Python-Based Anomaly Detection: Finalization/Optimization

Job ID: 38948094

Budget: £20 – £250 GBP

Code Finalization and Program Optimization
Job Title:
AI/ML Expert for Finalizing and Optimizing Python-Based Anomaly Detection System

Description:
We are seeking a skilled freelancer with expertise in Python, AI/ML (particularly LSTM and Isolation Forest models), and program optimization to assist in finalizing our anomaly detection system.
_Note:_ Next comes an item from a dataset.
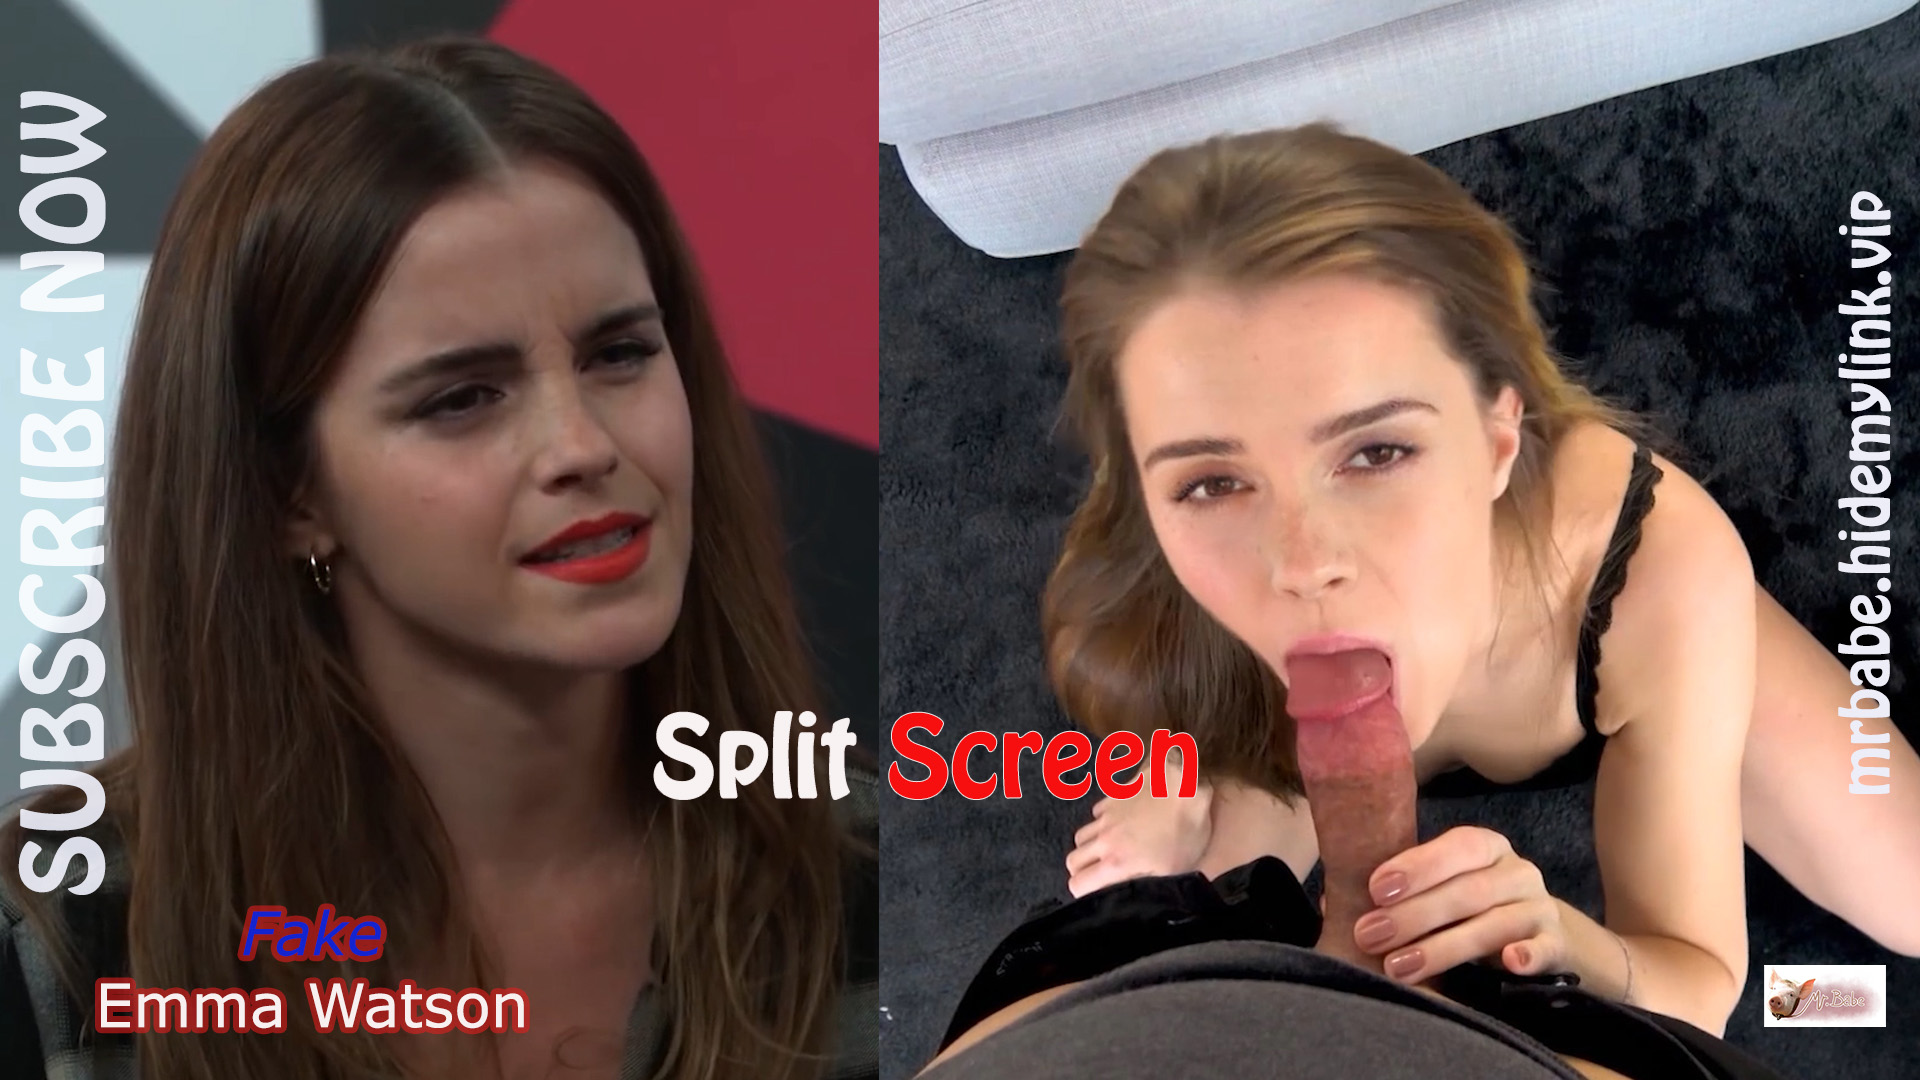 Fake Emma Watson (trailer) -16- / Split Screen / Free Download

This project involves critical debugging, model fine-tuning, and simplifying workflows to meet an approaching deadline.

Key Tasks:
1. Code Finalization and Optimization:

Debug and refine critical scripts:
threat_mapping.py: Ensure adversarial testing (e.g., FGSM, PGD, Carlini-Wagner) and anomaly detection are functioning correctly.
evaluation.py: Focus on metrics like precision, recall, F1-score, and latency without retraining models.
hyperparameter_tuning.py: Fine-tune LSTM and Isolation Forest models using efficient hyperparameter optimization techniques.
Ensure seamless integration of pre-trained models with:
New data formats.
Enhanced features from cryptographic operations.
Adaptations to evolving data/testing conditions.
Fine-tune the LSTM model for sequential anomaly detection in SWIFT-like transaction flows and optimize the Isolation Forest model for detecting cryptographic anomalies.
2. Simplifying Program Workflow:

Address non-essential components:
Disable/remove visualizations (e.g., model_visualizer.py) and Elasticsearch integration to streamline functionality.
Simplify program structure:
Ensure scripts such as train_models.py, threat_mapping.py, and evaluation.py can be executed independently in sequence.
Remove reliance on main.py, focusing on a modular execution approach.
Clearly define script dependencies and execution order.
Requirements:
Proficiency in Python and AI/ML model development.
Experience with LSTM networks and Isolation Forests.
Strong debugging skills, particularly in ML pipelines.
Ability to optimize workflows and streamline program structures.
Familiarity with adversarial testing techniques (e.g., FGSM, PGD, Carlini-Wagner) is a plus.
Deliverables:
Fully debugged and optimized scripts (threat_mapping.py, evaluation.py, hyperparameter_tuning.py).
Streamlined program workflow, ensuring independent script execution without reliance on non-essential components or main.py.
Fine-tuned models integrated seamlessly with the existing framework.
Deadline:
This is a time-sensitive project with a strict deadline. Please only apply if you can dedicate immediate attention and complete the tasks promptly.